WHAT IS NEEDED: For this exercise, copy exactly every line from the one holding "parents smiling and" through the end of the data, both included. Omit pictures.

RECORDED INFORMATION:
____

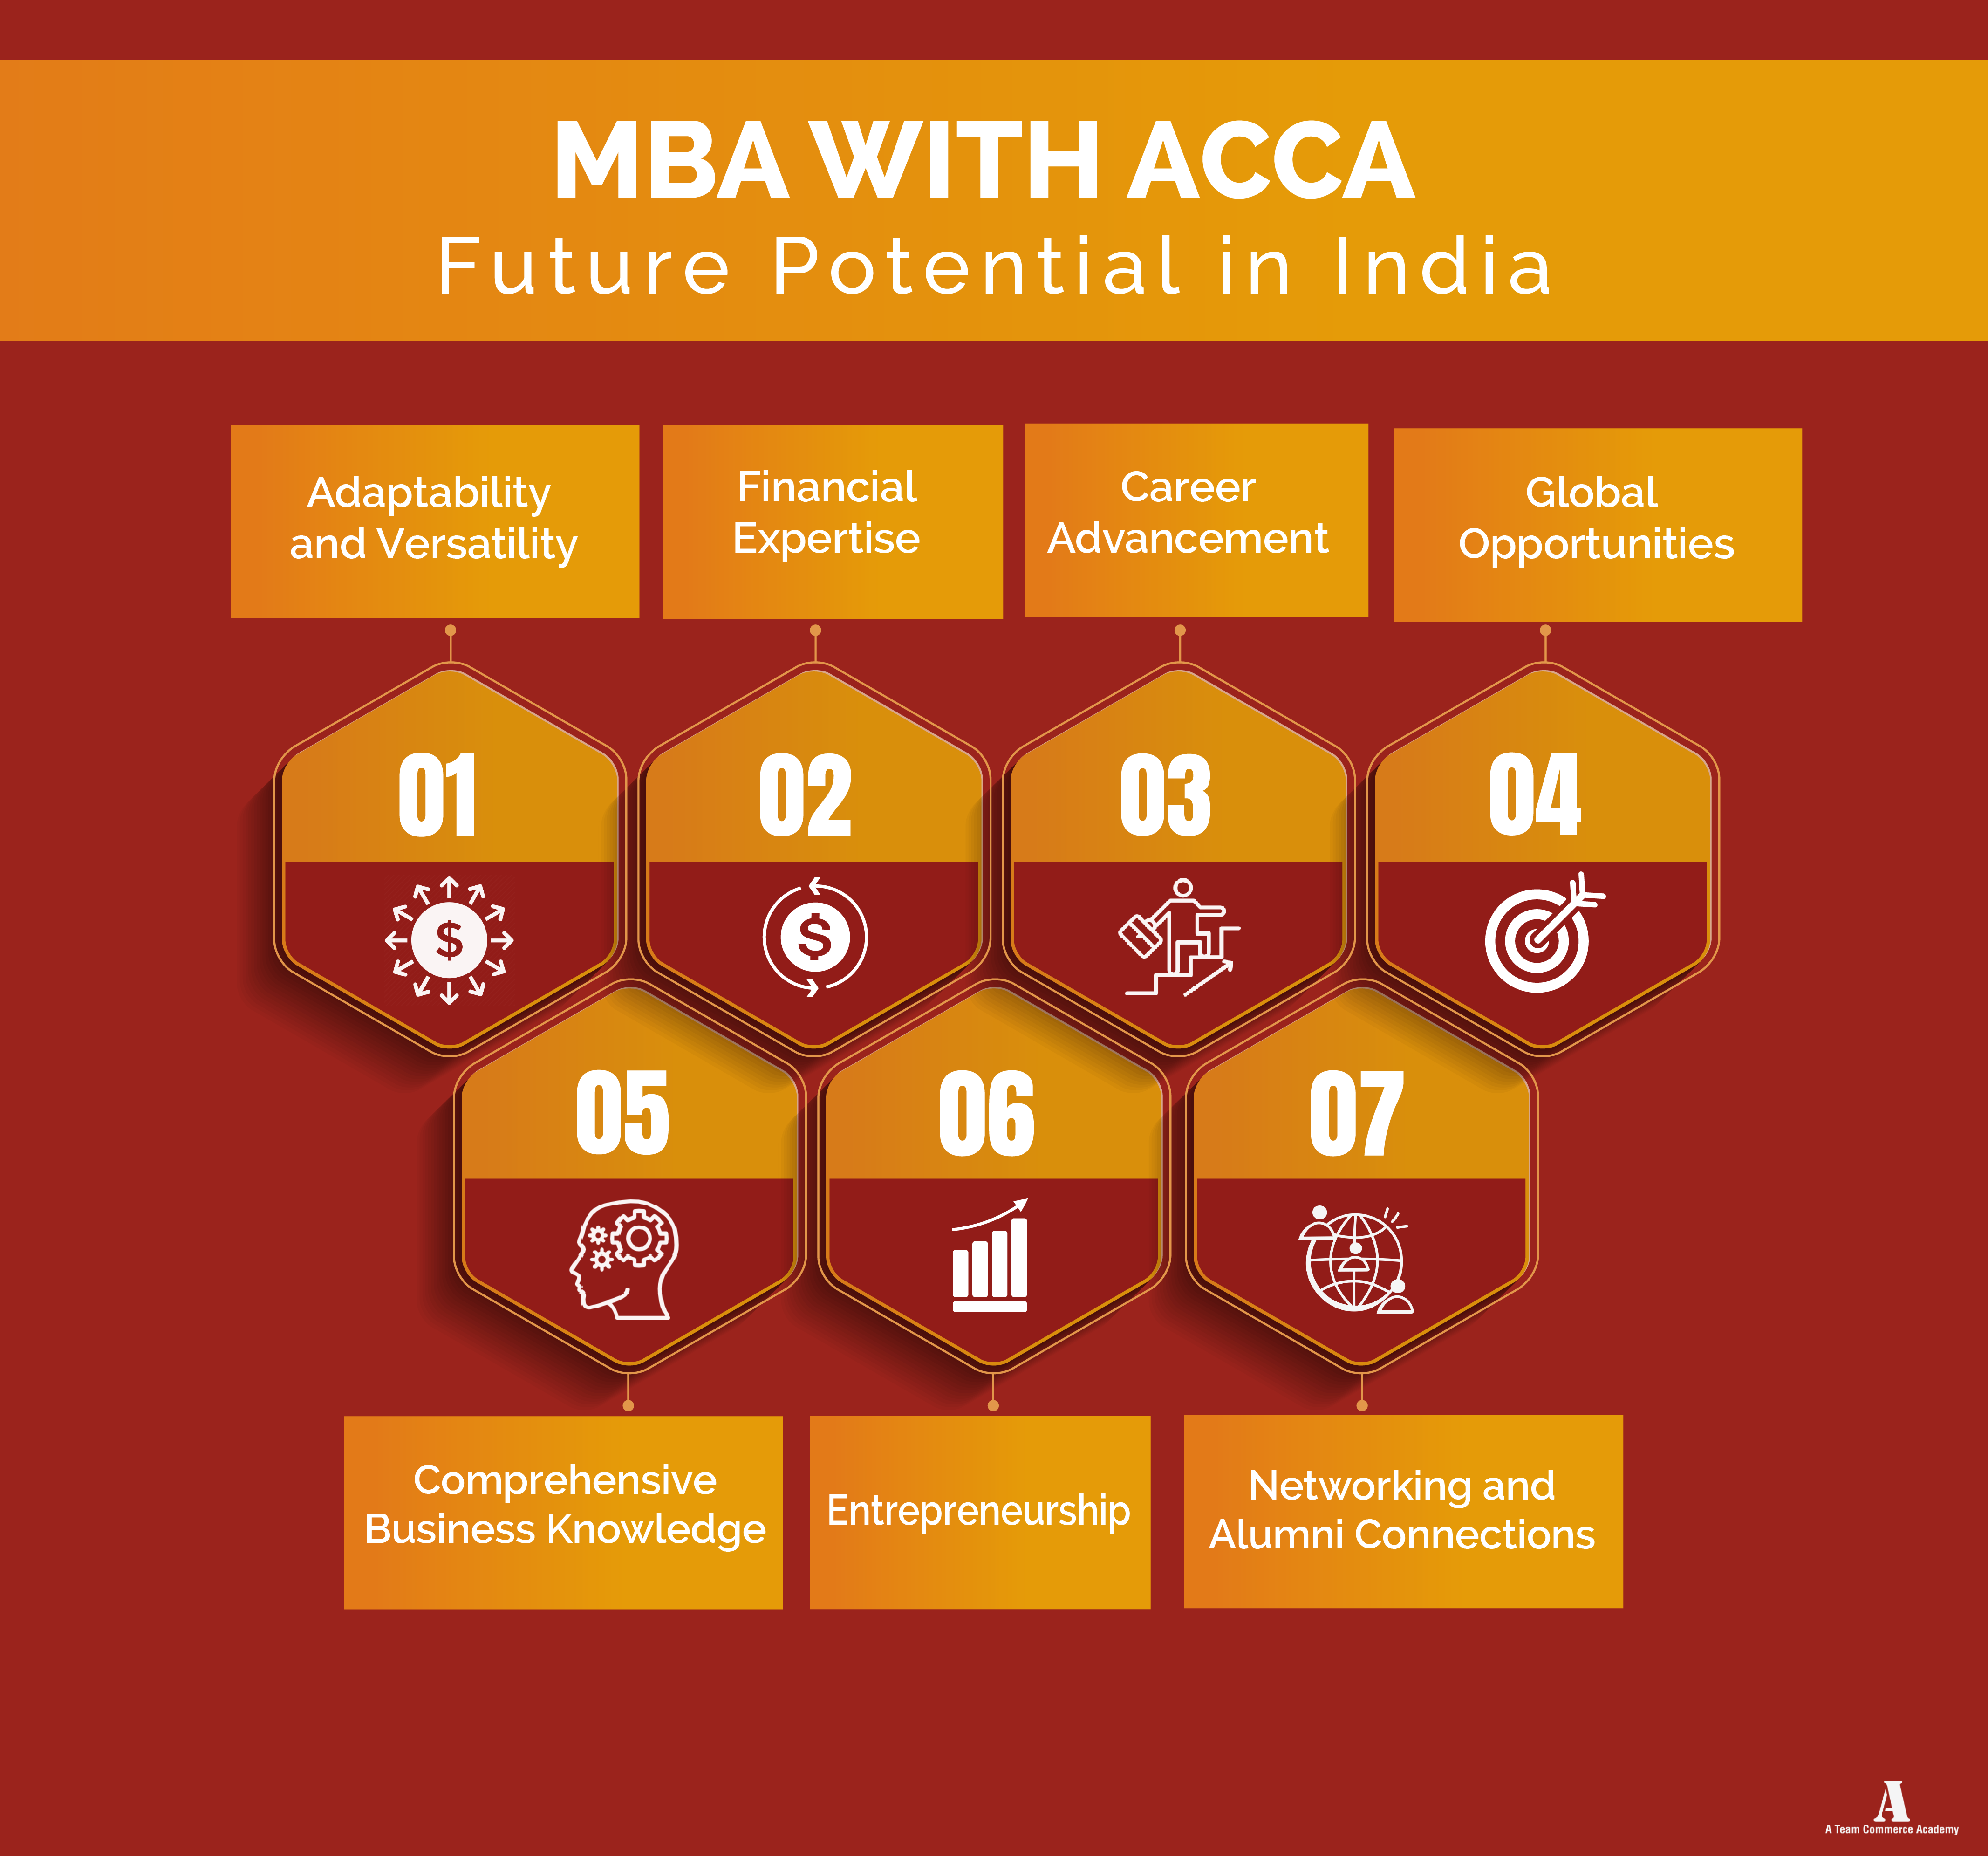 MBA with ACCA Future Potential in India
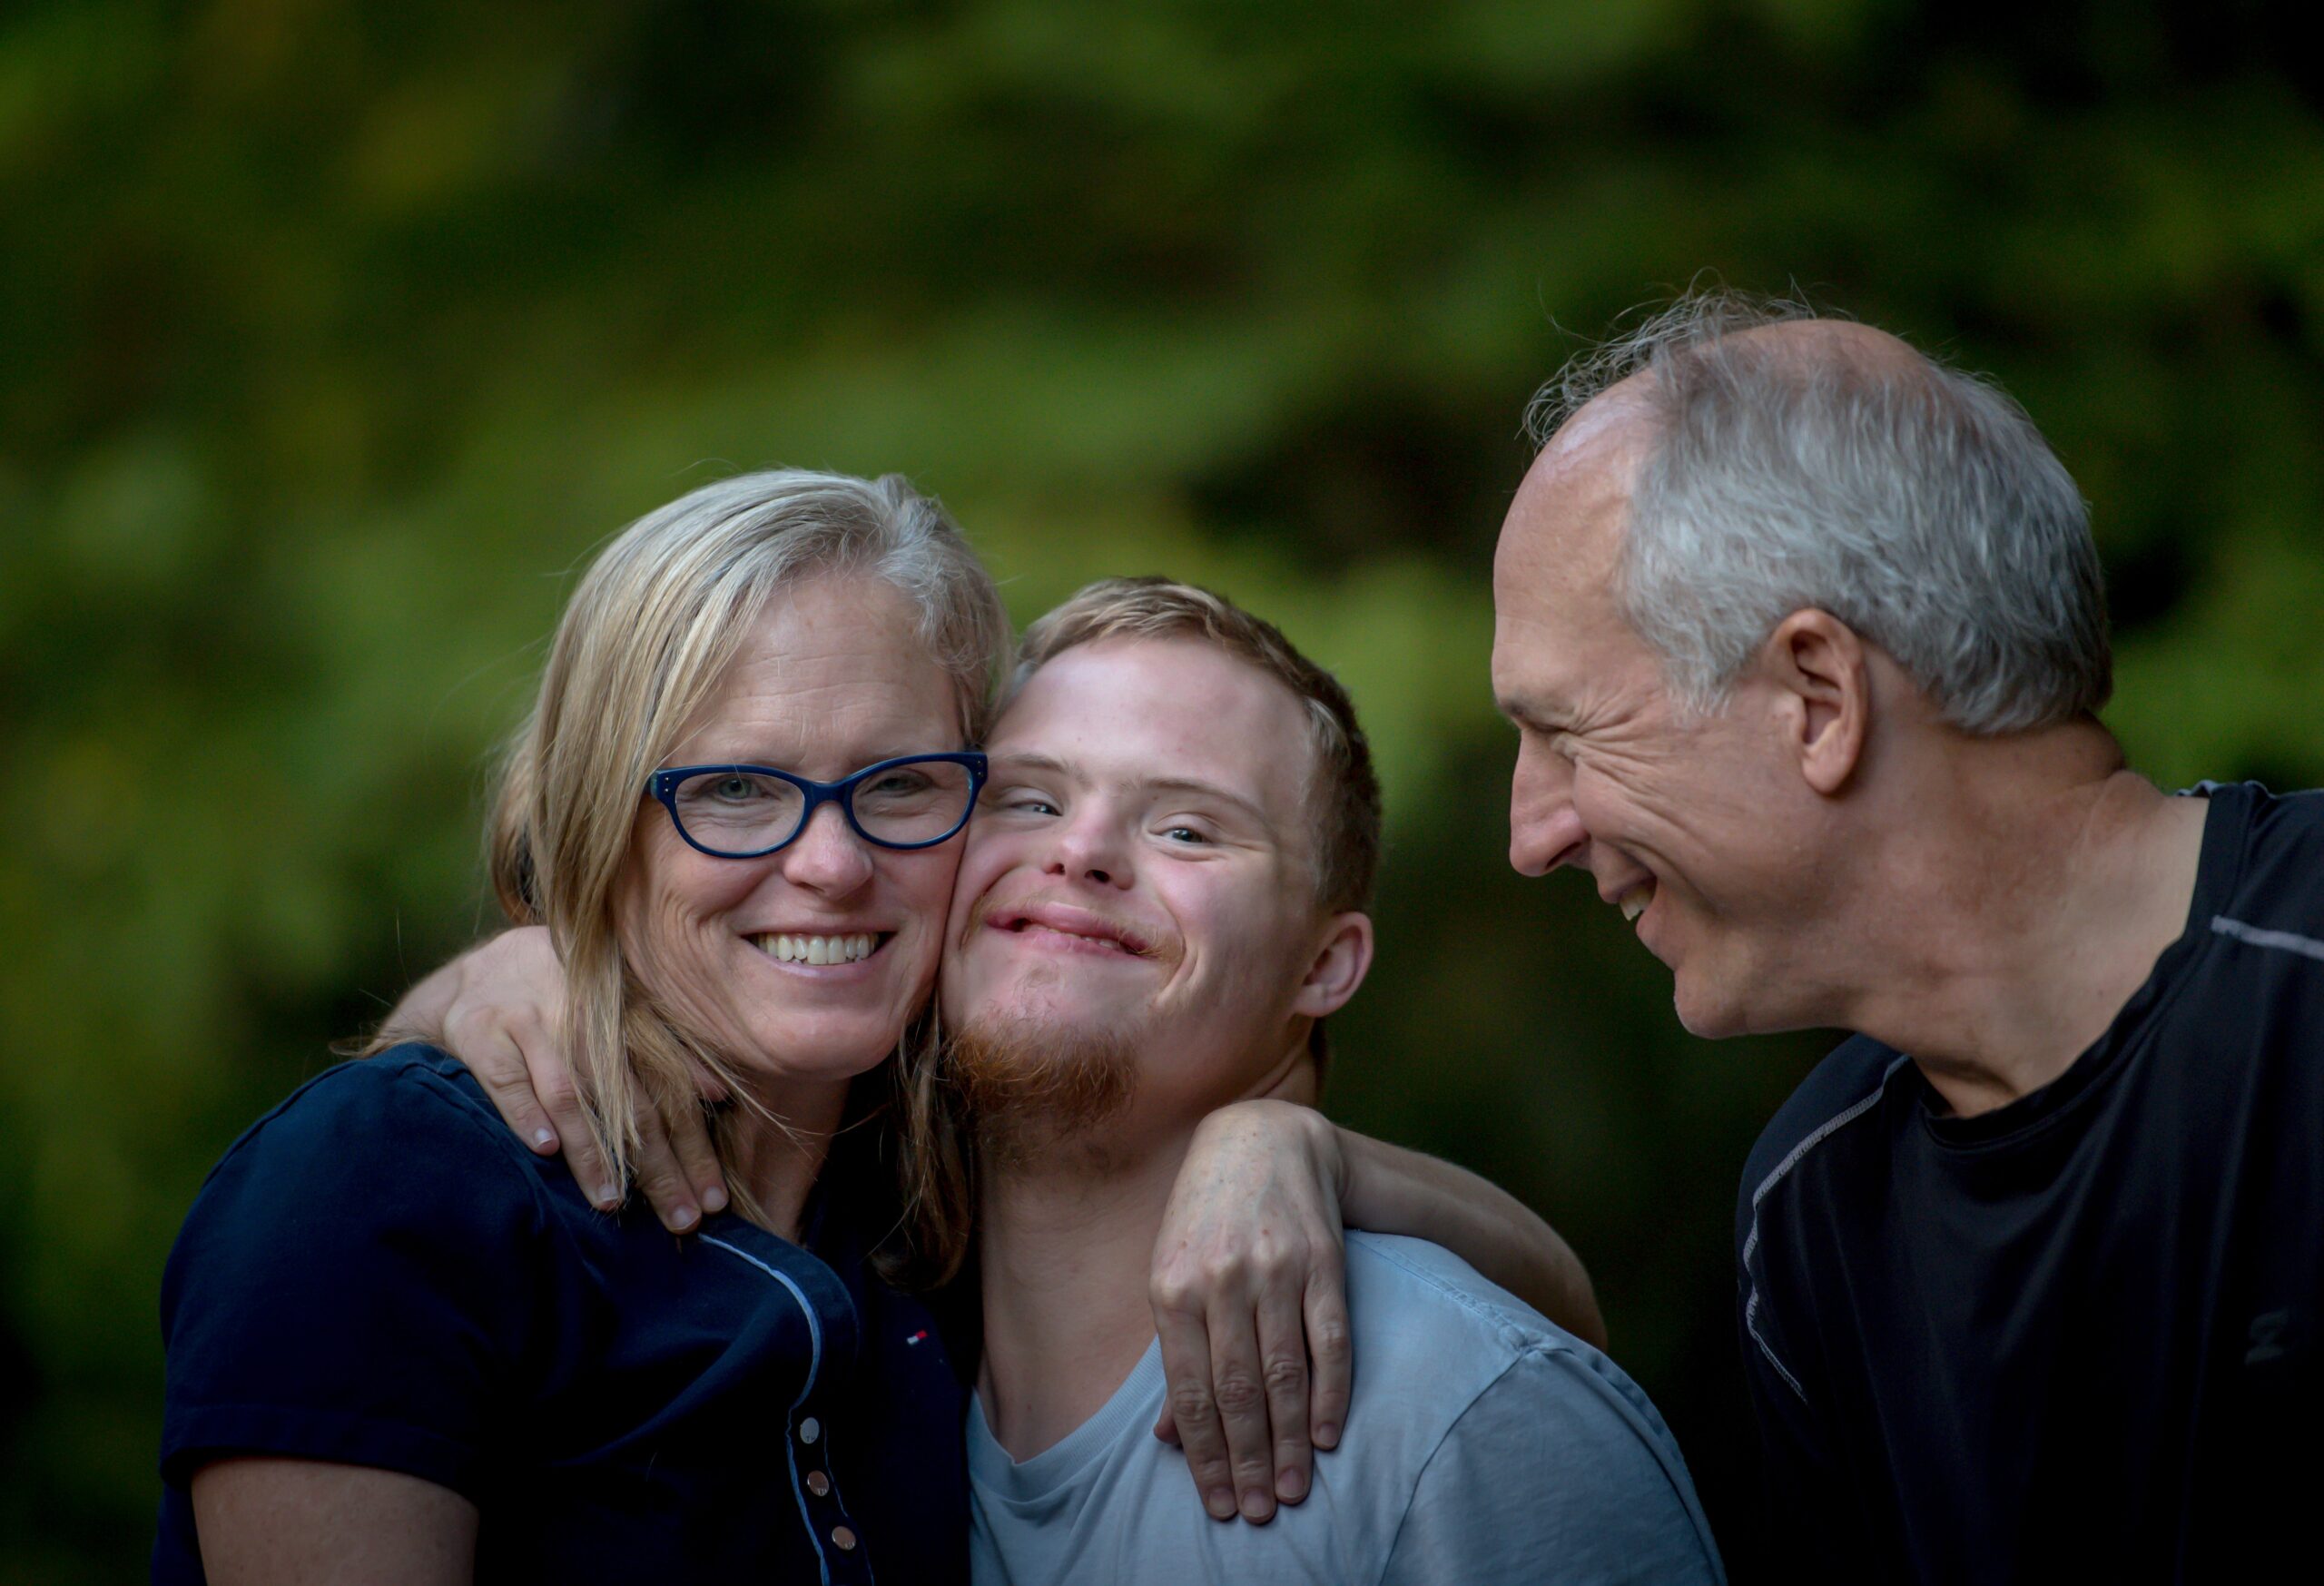 parents smiling and embracing their son with down syndrome
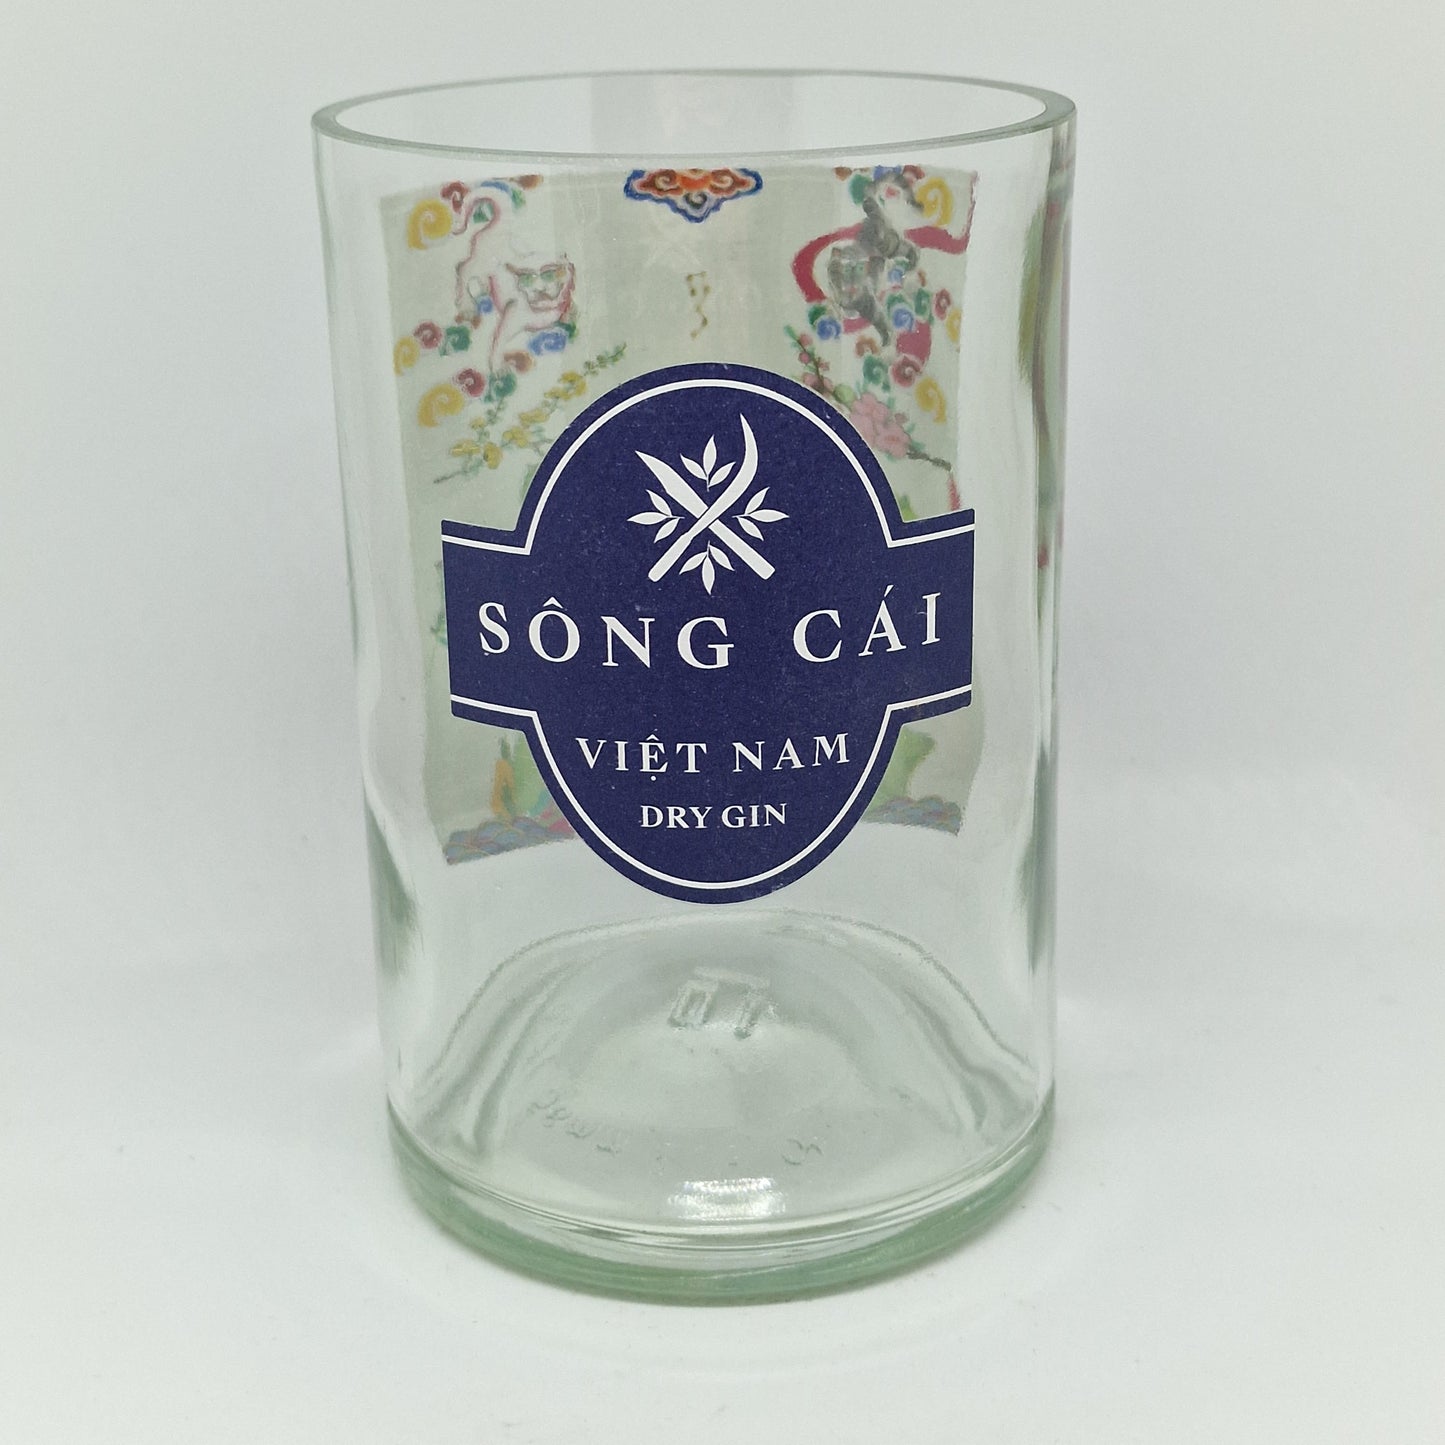 Song Cai Dry Gin Bottle Candle

____

PROBLEM SOLUTION:
 parents smiling and embracing their son with down syndrome
 Song Cai Dry Gin Bottle Candle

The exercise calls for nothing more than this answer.